厚生労働省が8日発表した毎月勤労統計調査の7月速報値(従業員5人以上)によると、労働者1人あたり現金給与総額は43万6401円(前年同月比4.7%増)で55カ月連続のプラスとなった。物価上昇分を差し引いた実質賃金指数(20年=100、持ち家の帰属家賃を除く)も117.6(同2.4%増)となり、1月以来、7カ月連続のプラス。伸び率も今年最大で、大幅賃上げ効果と夏ボーナスの伸びが押し上げている。

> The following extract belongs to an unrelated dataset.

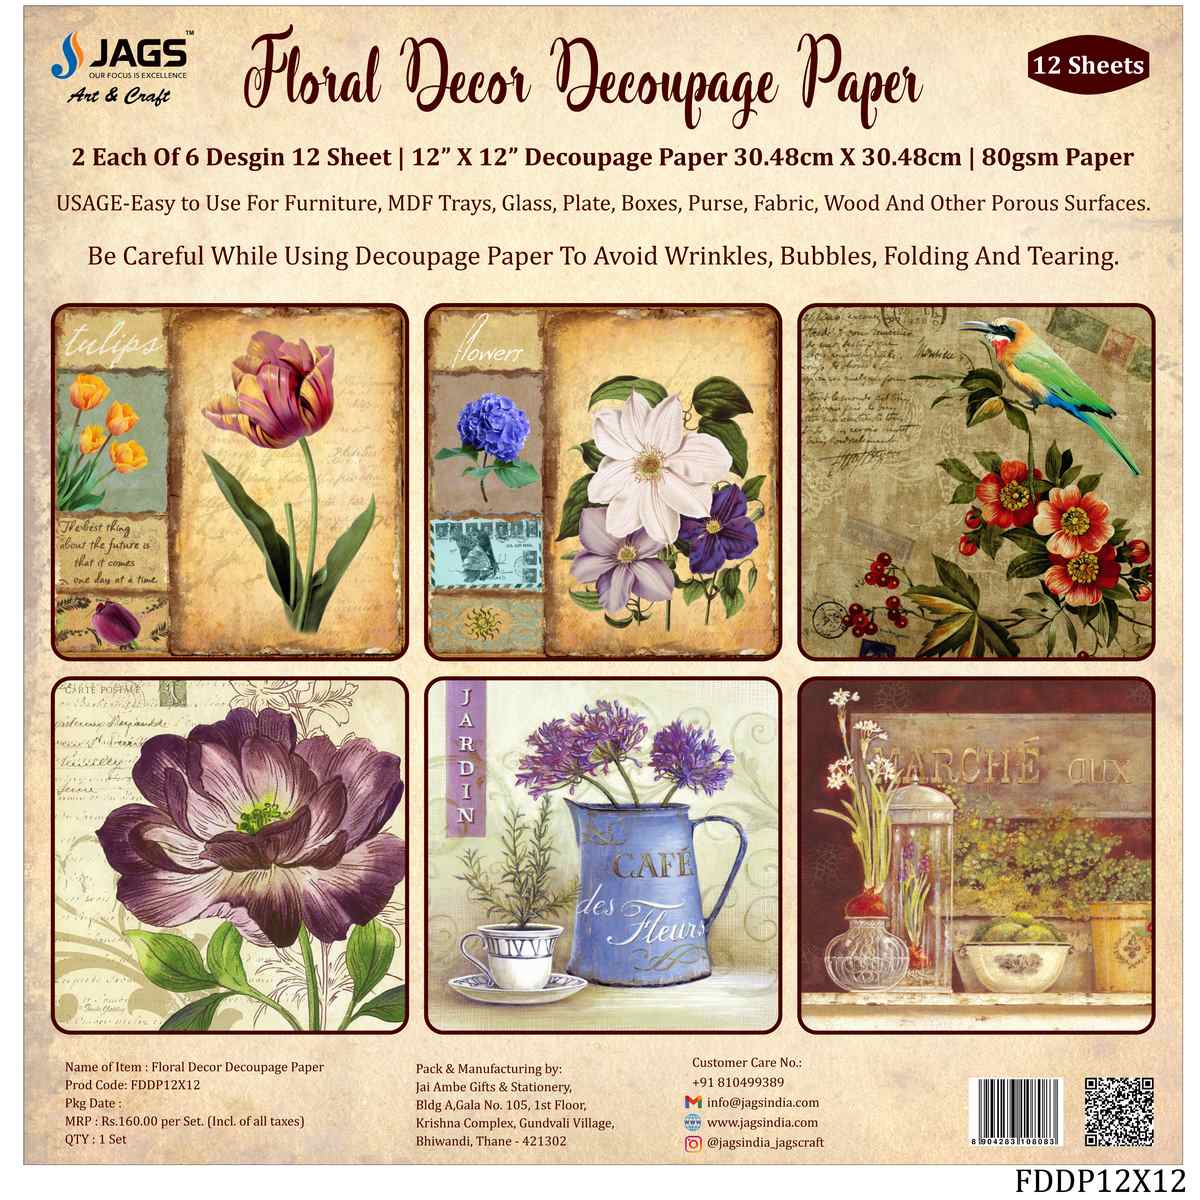 jags-mumbai Decoupage Floral Decor Decoupage Paper 12X12 FDDP12X12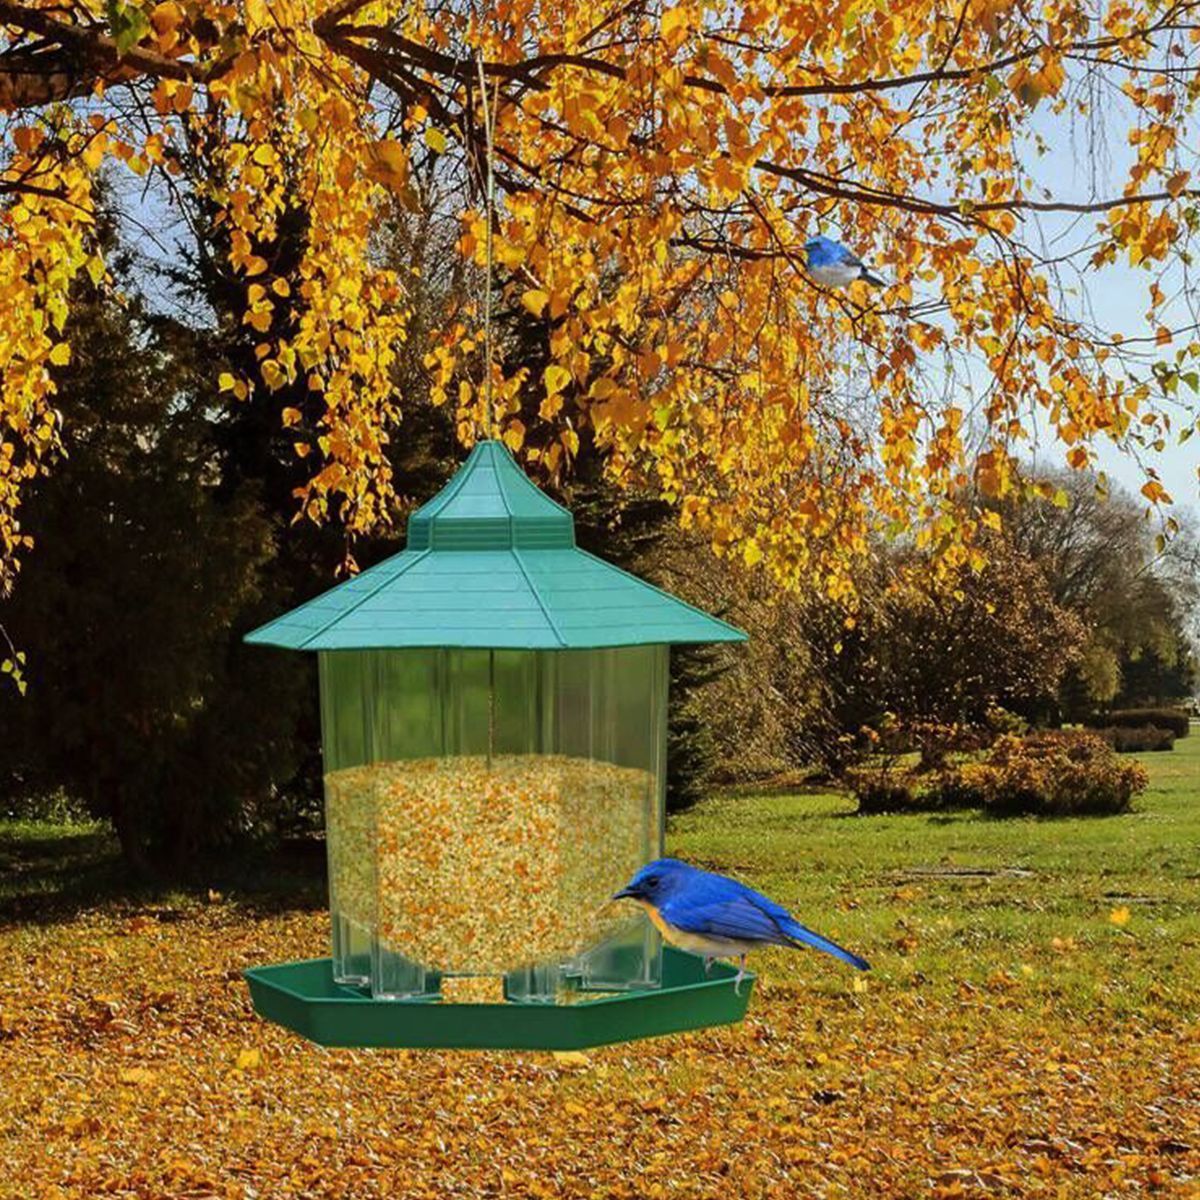 Waterproof-Gazebo-Hanging-Wild-Bird-Feeder-Outdoor-Feeding-For-Garden-Decorations-1695119

給与額のうち、基本給などの所定内給与は28万797円(同4.1%増)、夏ボーナスなどの特別給与は13万4819円(同6.3%増)だった。雇用形態別の総額は、正社員が中心の一般労働者が57万8123円(同4.7%増)、パートタイム労働者は12万3493円(同4.7%増)となり、いずれも4%台の伸びだった。
産業別で大きく伸びたのは、「建設業」の66万8639円(同13.5%増)と「鉱業、採石業等」の60万3323円(同12.6%増)。「教育、学習支援業」のみ35万4893円(同2.2%減)となり、全16産業の中で唯一のマイナスだった。
月間実労働時間は141.6時間(同0.2%減)で、3カ月連続の減少。月末の常用労働者数は5227.3万人(同0.8%増)で、パートタイム比率は31.28%(同0.04ポイント増)だった。雇用数は16産業のうち、「生活関連サービス業」「金融、保険業」など5産業で減少した一方、「飲食サービス業等」などでは増えた。